DocEng'06, October 10--13, 2006, Amsterdam, The Netherlands. Copyright 2006 ACM 1-59593-240-2/05/0011

The LimSee3 Multimedia Authoring Model

Romain Deltour
INRIA Rhône-Alpes
655 avenue de l'Europe
38334 Saint Ismier, France

Cécile Roisin
UPMF, INRIA Rhône-Alpes
655 avenue de l'Europe
38334 Saint Ismier, France


For most users, authoring multimedia documents remains a complex task. One solution to deal with this problem is to provide template-based authoring tools but with the drawback of limited functionality. In this paper we propose a document model dedicated to the creation of authoring tools using templates while keeping rich composition capabilities. It is based on a component oriented approach integrating homogeneously logical, time and spatial structures.
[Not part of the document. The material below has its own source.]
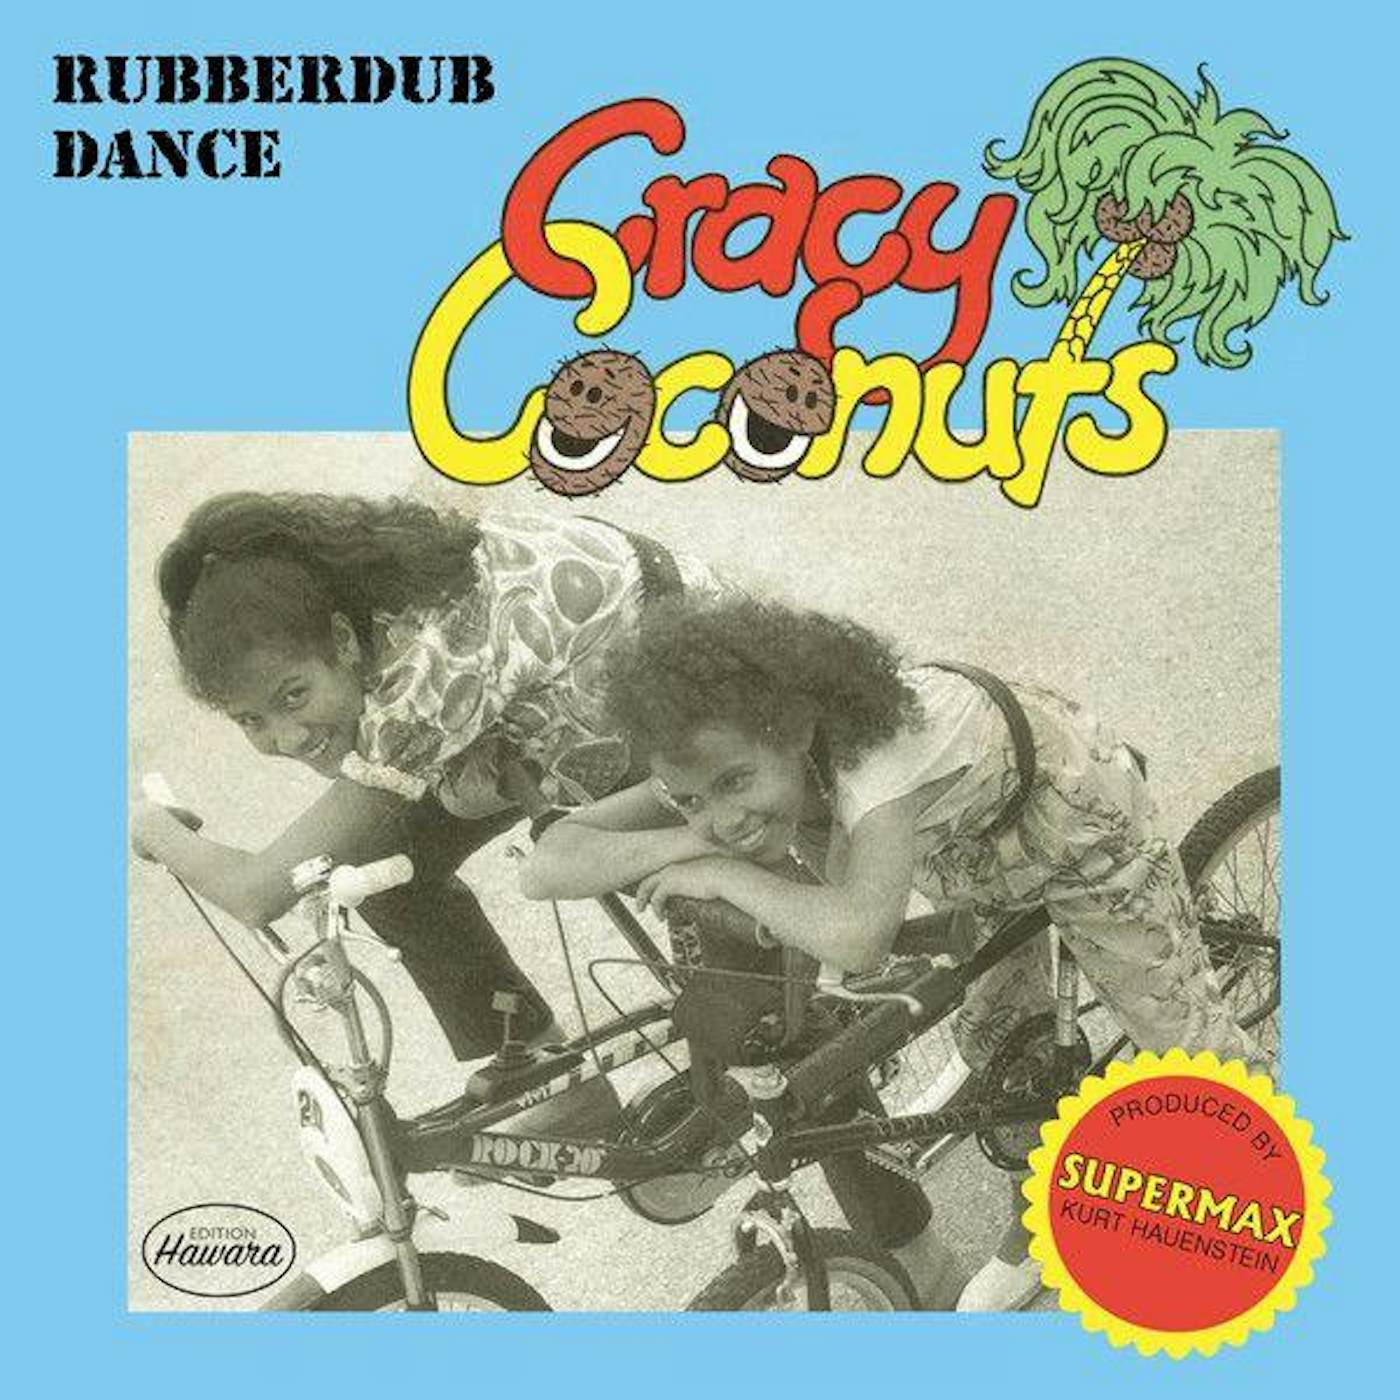 Cracy Coconuts Rubberdub Dance Vinyl Record

Templates are defined as constraints on these structures.

Categories and Subject Descriptors

I.7 [Document and Text Processing]: Document PreparationHypertext/hypermedia, Multi/mixed media, Standards

General Terms

Design, Languages


multimedia documents, document models, document authoring, template-based editing


The LimSee3 project aims at defining a document model dedicated to adaptive and evolutive multimedia authoring tools, for different categories of authors and applications, in order to easily generate documents in standard formats. It is a follow-up to LimSee2 (a SMIL authoring tool) and is tightly related to our involvement in the Urakawa project .

Direct manipulation of well-established languages such as SMIL (or XMT) is too complex for most users because it requires a deep understanding of the semantics of the language (e.g. the SMIL timing model). From the user perspective a document is logically structured in several high level objects, but in SMIL these are distributed in several parts of the document (spatial information in the header, time information in the body). Several software tools , , hide the intrinsic complexity of SMIL behind advanced GUI or by adding dedicated information via namespaced attributes. However, SMIL is too low level for this kind of tools to be completely satisfactory. Hence we are also looking at template-based solutions such as or .
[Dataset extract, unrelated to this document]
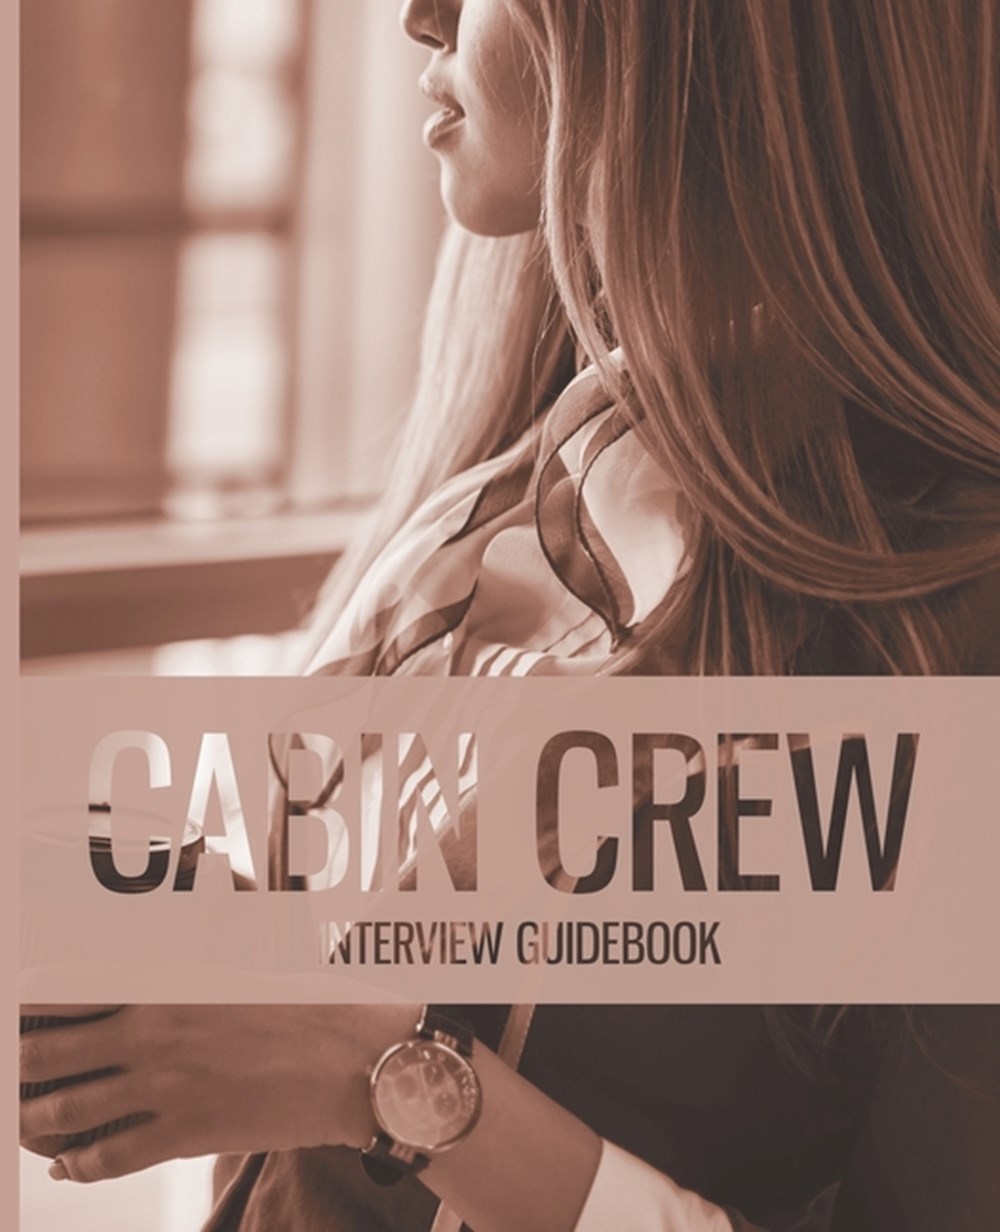 Cabin Crew Guidebook - Essential Introduction

In this paper we propose to define a model for these templates. Our approach is to focus on the logical structure of the document while keeping some semantics of proven technologies such as SMIL. This provides better modularity, facilitates the definition of document templates, and improves manipulation and reusability of content.


Existing structured multimedia models generally put the time structure at the heart of the multimedia document. It was for instance the case of CMIF and Madeus , as well as SMIL. However, the time dimension does not always reflect exactly the logical structure in the way it is considered by the author. This latter logical structure is made of at least both time and spatial dimensions, which are specified in SMIL in distinct sections of the document. Our approach defines the logical dimension as the master structure of the document, which is a tree of modular components that can be constrained by a dedicated template mechanism.
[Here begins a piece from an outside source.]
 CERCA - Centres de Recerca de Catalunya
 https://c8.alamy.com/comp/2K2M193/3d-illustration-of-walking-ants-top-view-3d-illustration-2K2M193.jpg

A template document is a kind of reusable document skeleton that provides a starting point to create document instances. Domain specific template systems are a user-friendly authoring solution but require hardly extensible dedicated transformation process to output the rendering format. We chose on the contrary to tightly integrate the template syntax in the document: the template is itself a document constrained by schema-like syntax. The continuum between both template and document permits to edit templates generically as any other document and within the same environment. It enables an evolutive authoring of document instances from templates. There is no need to define a dedicated language to adapt to each different use case.

With these objectives, we define a structured authoring language independently of any publication language. Elements of the master structure are components that represent semantically significant objects. Both time and spatial dimensions are integrated inside each component. This permits components to be authored independently, integrated in the document structure, extracted for reusability, constrained by templates or referenced by other components.

While truly modular, this component approach raises the issues of inter-object relations and extraction of components from their context. The different components of a multimedia document are indeed often tightly related one with another: when they are synchronized, when they are aligned in space, when one contains an interactive link to the other, and so on. Our approach, which is close to the one proposed in is for each component to abstract its dependencies to external components by giving them symbolic names that are used in the timing and layout sections. This abstraction layer facilitates the extraction of a component from its context, thus enhancing modularity.

One might think that this component-based approach provides less reusability of the layout definition as in SMIL, but the layout is still reusable in the scope of the component. Actually, the major drawback is that global views of the document (global timing scenario, global spatial layout) are not directly accessible but need to be computed, which might be costly. This is more an implementation issue though.

Finally, the goal was to rely on proven existing technologies, in both contexts of authoring environments and multimedia representation. The timing and positioning models are wholly taken from SMIL. Using XML provides excellent structuring properties and enables the use of many related technologies. Among them are XPath, used to provide fine-grained access to components, and XSLT, used in templates for structural transformation and content generation.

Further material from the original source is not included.